Several months ago(**) I got called down for my draft physical — that's what happens when you get kicked out of college.
All of us got parceled into 6 or 7 groups, each of which was injected into the process at different points. As luck would have it, I got injected into 'eye test'. The nice doctor gave me the test then told me "Gee, kid, it's too bad you have to go through the whole magilla, but that's how it works. Your good eye is 20/600 and your bad eye is 20/800. You're going to be 4-F. Now go get checked for hernias."
I have to admit a tinge of disappointment. At the time I considered 'Vietnam' to be 'the good fight' and I was going to be denied any part beyond cheering my friends on. I stayed home and voted Republican.
In the ensuing years, my opinions have changed some. As I examine the stuff at Walmart marked "Made in Vietnam", I wonder what those 58,000 deaths were all about, and I have come to some disturbing conclusions. It wasn't about saving South Vietnam from the Communists, because today we buy the products of those same Communists without a single thought for those 58,000 dead Americans, and they sell to us without a single thought for the millions of dead Vietnamese. It turns out that Pete Seeger and Peter, Paul and Mary were right all along. Maybe Jane Fonda was, too.
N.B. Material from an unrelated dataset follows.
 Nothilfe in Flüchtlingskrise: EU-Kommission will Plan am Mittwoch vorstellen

I have watched as one President after another has marched us into one hellhole after another, always to the ruffle of drums and the blare of trumpets, with patriotic songs playing in the background. Our brave fighting men (and women) have to have the newest toys, so our military budget is now seven times larger than China's. It was seven times larger than the USSR's, but they went broke first. We invaded Iraq and Afghanistan to root out the malevolent forces behind 9-11 even though there is little or no evidence that Iraq had anything to do with it. But they had oil — oil and weapons of mass destruction! Or, as Mark Russell pointed out: We KNOW they have WMDs! We have the receipts!
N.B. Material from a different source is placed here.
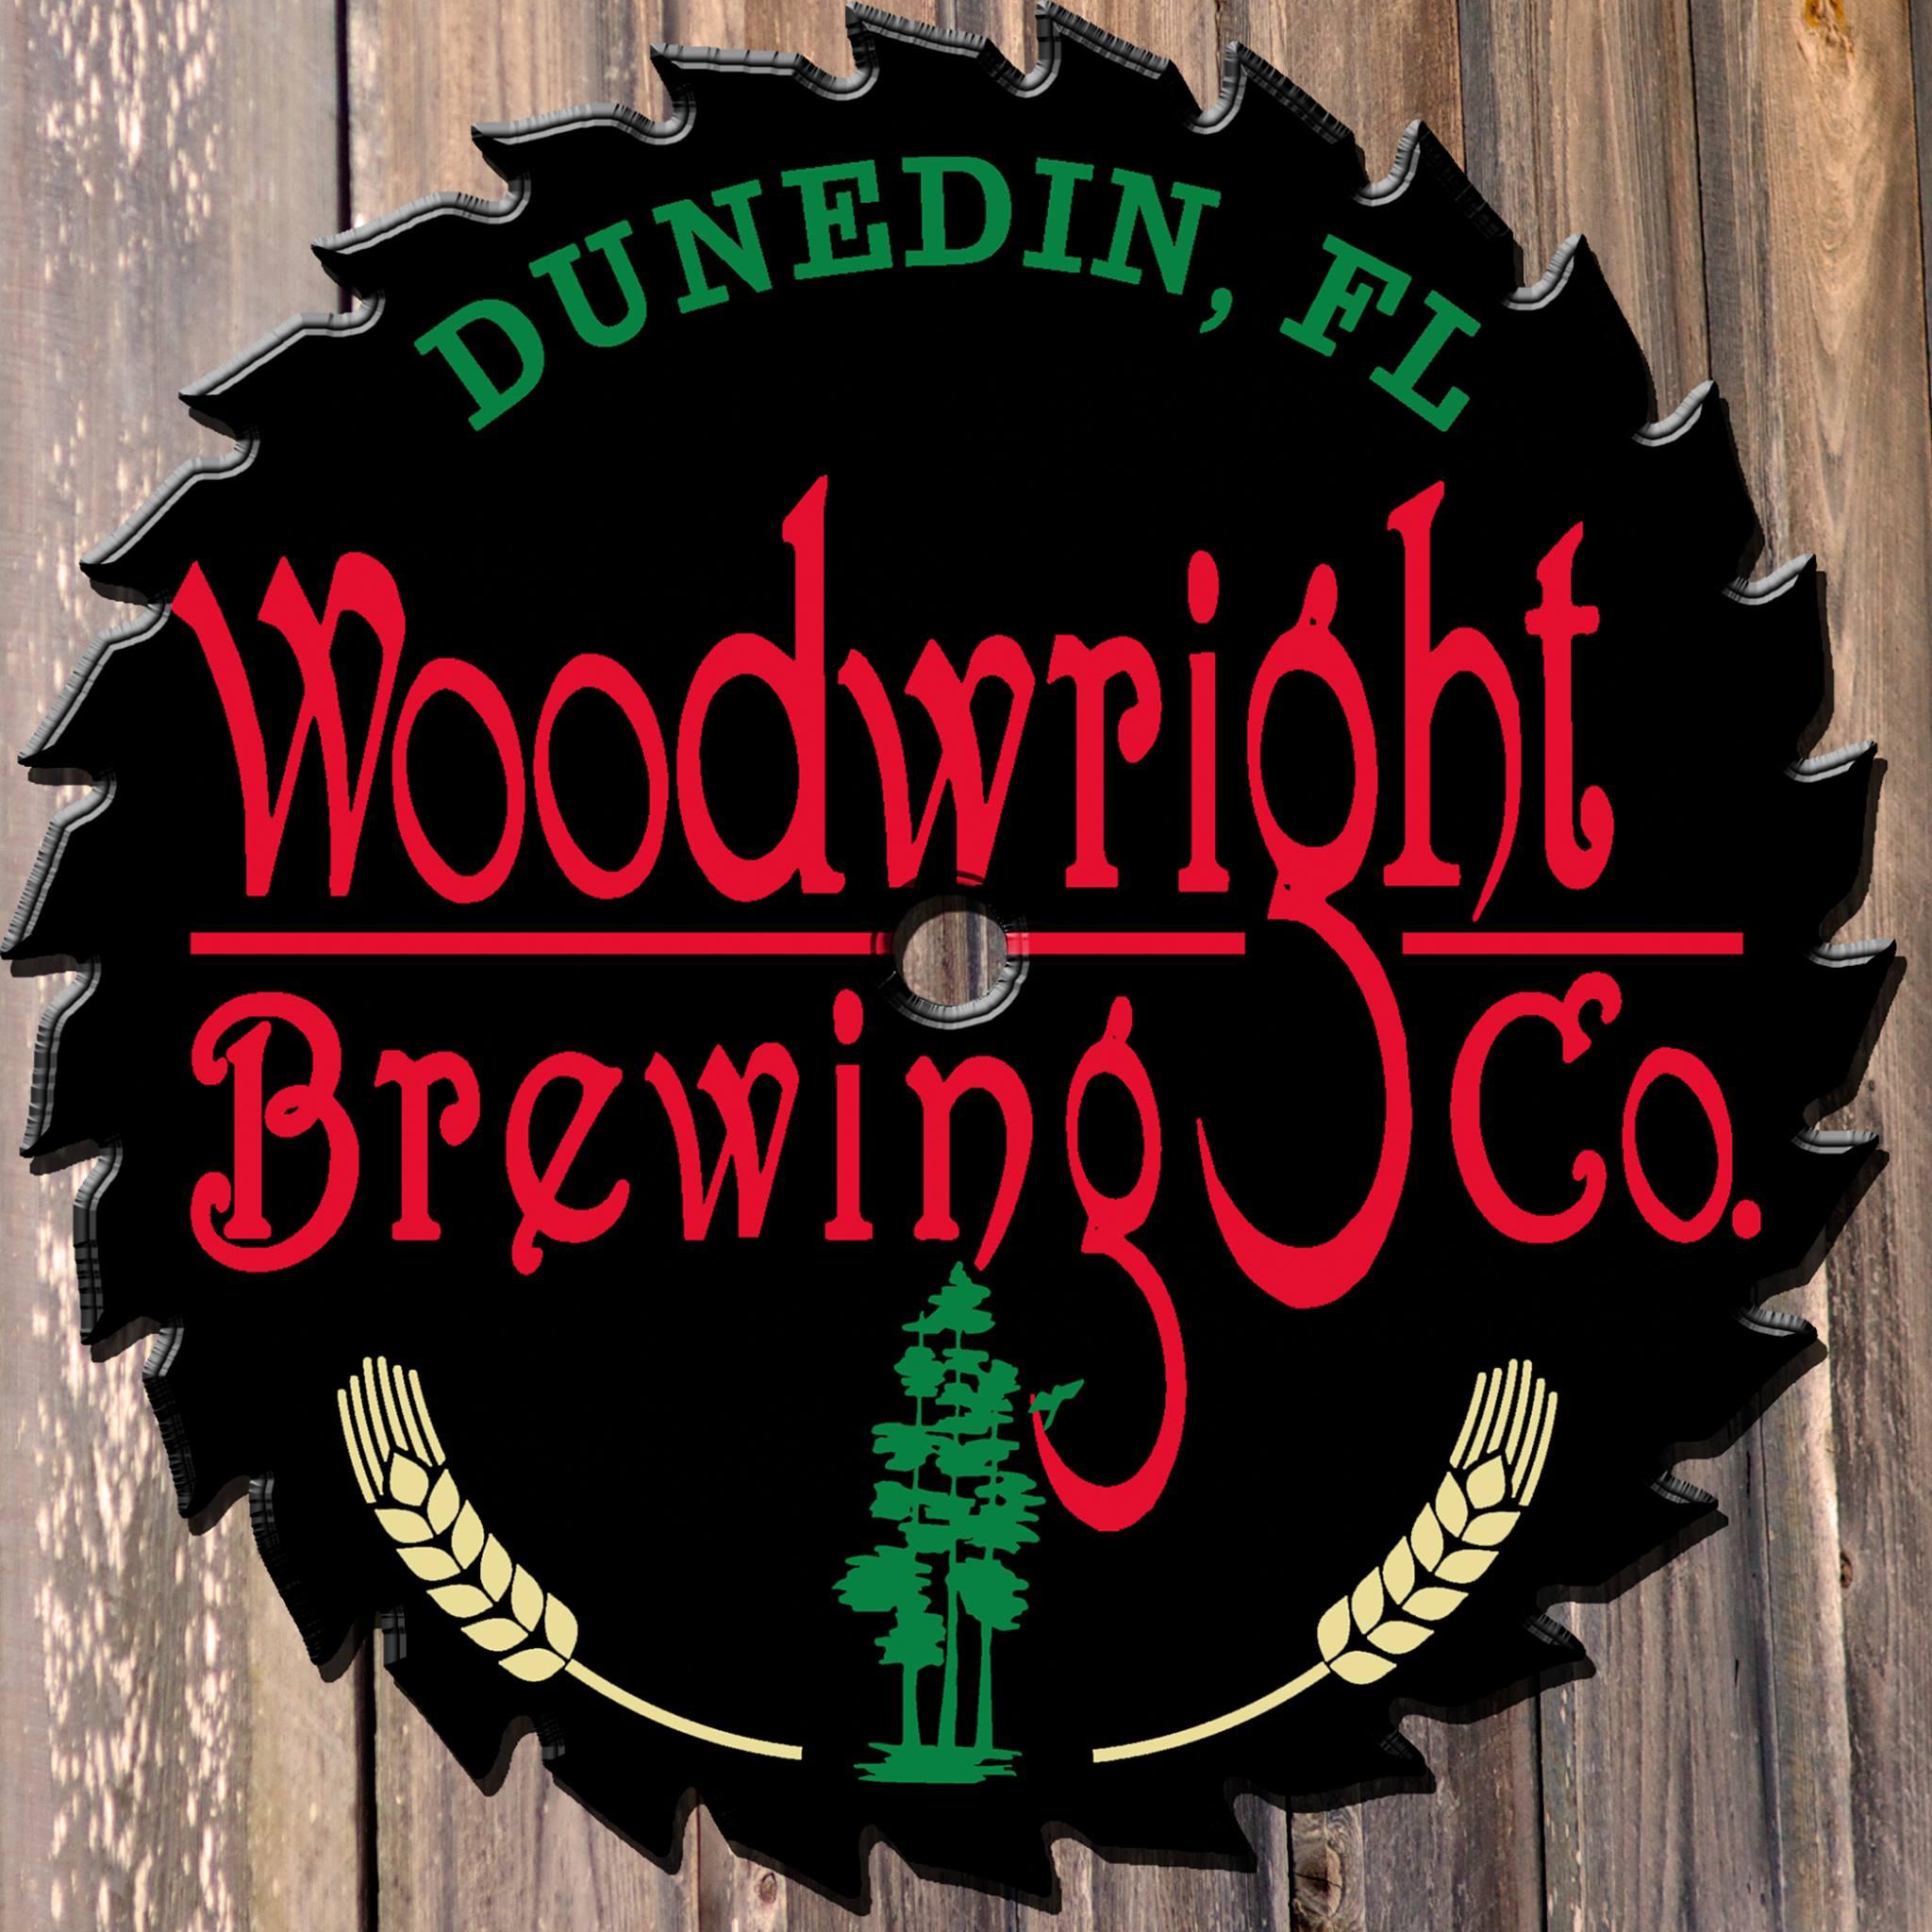 WoodwrightBrewing4.jpg

We bombed Libya and overthrew Qaddafi because — well... because Qaddafi! Besides, he was oppressing women. Oddly, we haven't done much for the status of women in Saudi Arabia.
The latest campaign, a continuing response to the events of 9-11-01, no doubt, is called 'ISIS' or 'ISIL' — it changes daily — and it's clearly our responsibility to fix this even though countries geographically much closer to the action don't seem to consider ISIS 'a problem' in the sense that you and I understand the concept. Because of all the turmoil in the Middle East, millions of people are fleeing to safer countries. Among the millions of ordinary refugees are scattered a handful of real terrorists, and it's near-impossible to distinguish them.
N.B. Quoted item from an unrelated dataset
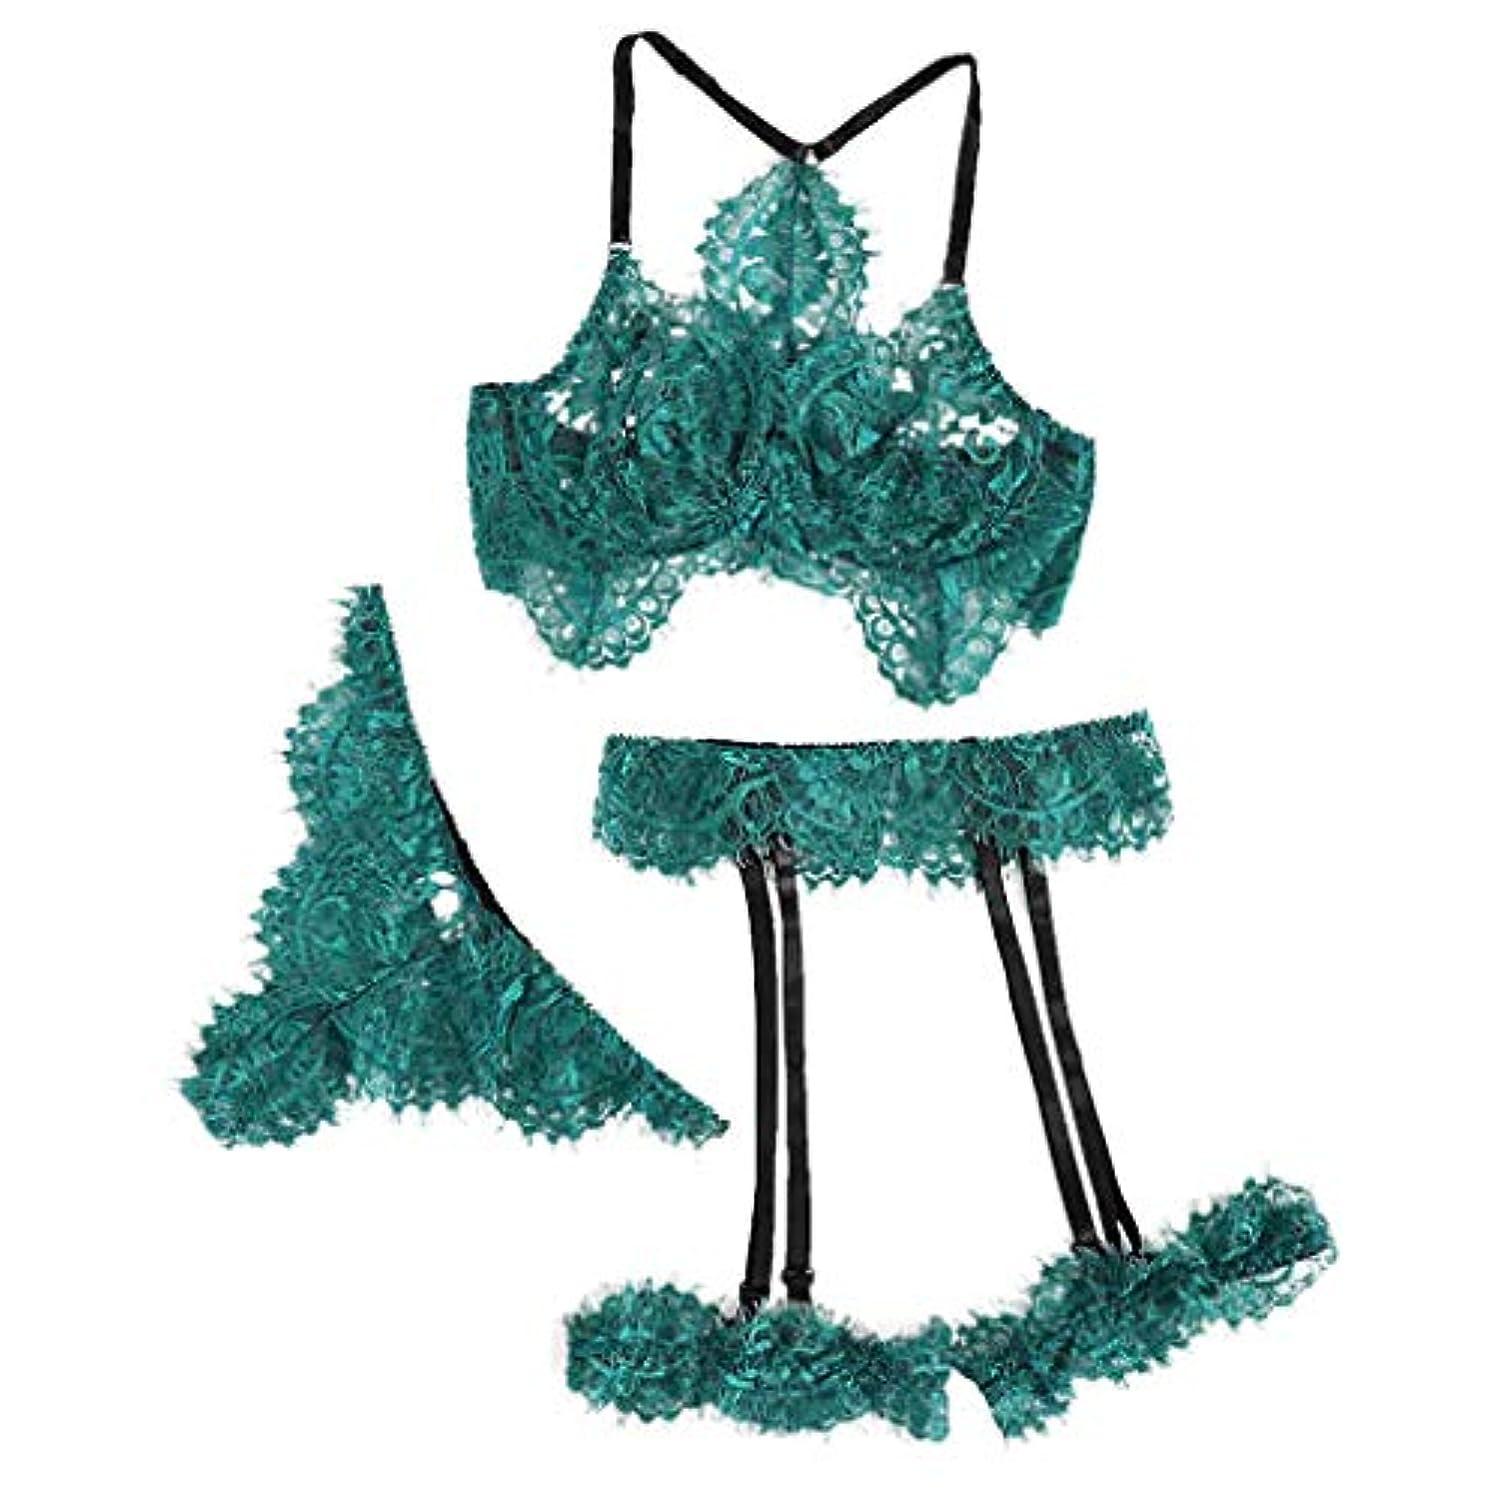 ZoePets Three-Piece Eyelash Lace Set Sexy Underwear Exquisite Lingerie Bra+Garter+Briefs Babydoll Cut-Out Sleepwear

We manufacture our own problems with our foreign policy, and then solve those problems with our military, except that 'solve' isn't the right verb. 'Transform' is closer to the truth: we change the shape of the problem without ever addressing the root cause, and next year we will do it again.
And again.
And again.
Anyone who has the gall to point out that our military is treated like Kleenex — like a disposable commodity — is automatically anathema, anti-American (as if sending men to die for corporate profit is an American virtue) and unpatriotic. Whether it's Vietnam, Nicaragua, Iraq, Afghanistan, or any of dozens of others, we must always support the troops, the brave men and women who put their lives on the line to keep us free. It is absolutely forbidden to ask what possible threat to our freedom is provided by a third-world country whose military capability wouldn't have caused Charlemagne a moment's worry. It doesn't matter; we just have to support the troops, got it?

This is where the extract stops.